Bob Dylan set us up for this when he wrote ‘Forever Young’ back in 1973, when he was…young. So many years later ‘Forever Young’ likely brings to mind Alphaville and Jay-Z, not Dylan, who is 71 now, and still touring Europe and the U.S. this summer. Not…retired.
Forget about ‘senior.’ It was cool in high school, but now, well, you must mean really old people. And what is ‘semi-retired?’ Haven’t made up your mind yet? Still thinking one last rodeo? Just what the heck do you call it?
‘Second acts’ was used too long ago as a career-change book title, and conjures up bad theatre. Besides, some of us are into our third, fourth, fifth, and beyond acts. ‘Second life,’ which might make more sense, is an online game world (does anyone still go there?). Freedom years, living on my time, etc etc, just don’t do it—we may be stuck with ‘retirement’ after all, even if we don’t like it! Some little irony there.

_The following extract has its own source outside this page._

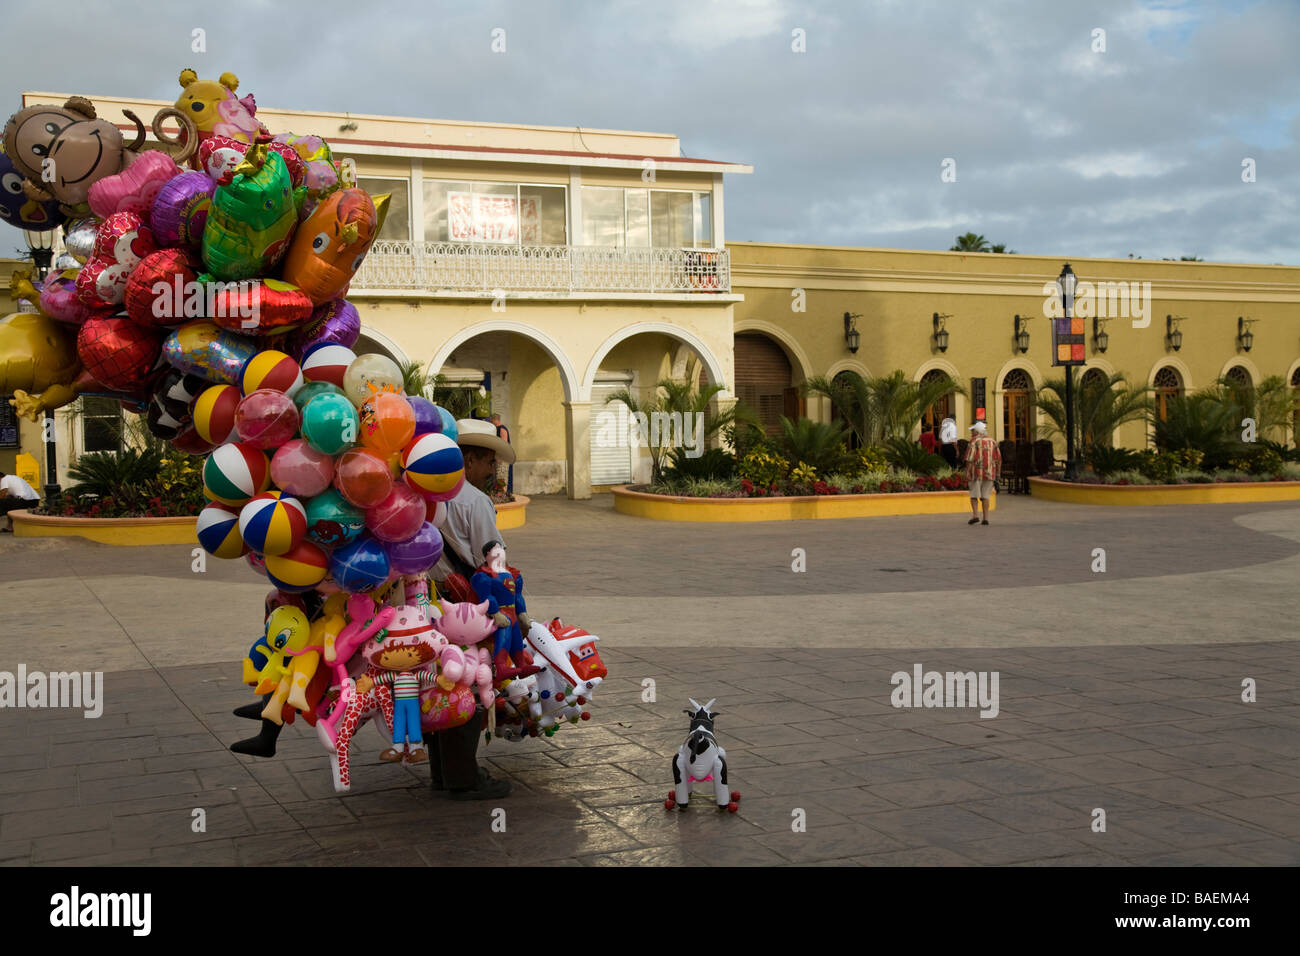 MEXICO San Jose del Cabo Mexican man carrying balloons and toys for children standing in downtown plaza Stock Photo

Part of it is that there is no one-size-fits-all retirement model anymore. Each of us will take best advantage of where we are along the road and make our own way forward.
What kind of second act lifestyle suits you?
There are three basic retirement lifestyle approaches once you hit 66 (current SSA full retirement age):
- Kicking-back: Stop working altogether. Recreate. Take classes. Teach. Work out. Travel. Write. Read. Pursue the long postponed, with vigor. Or not so much vigor. Nobody is keeping score but you.
- Balancing act: Work part-time, start a part-time business, or part-time in a new career. Volunteer. Coach. Be a barista. A bartender. Paint houses or do odd jobs.
- Keep-on keeping-on: Keep on working as long as you can. Often, this is in your own business, but not necessarily. Who said you have to retire? Maybe if you work long enough, they’ll give you a big buyout kiss good-bye, maybe they won’t. Maybe you like your job, or you need the money. Or both.
‘Retirement’ is a catch-all for what happens next when you reach a certain age. Like all the other ages you’ve reached, it’s not totally predictable—life is what happens while you are making other plans. And you may in fact cross between these three lifestyles, even more than once. After all, 20-30 years is a long time.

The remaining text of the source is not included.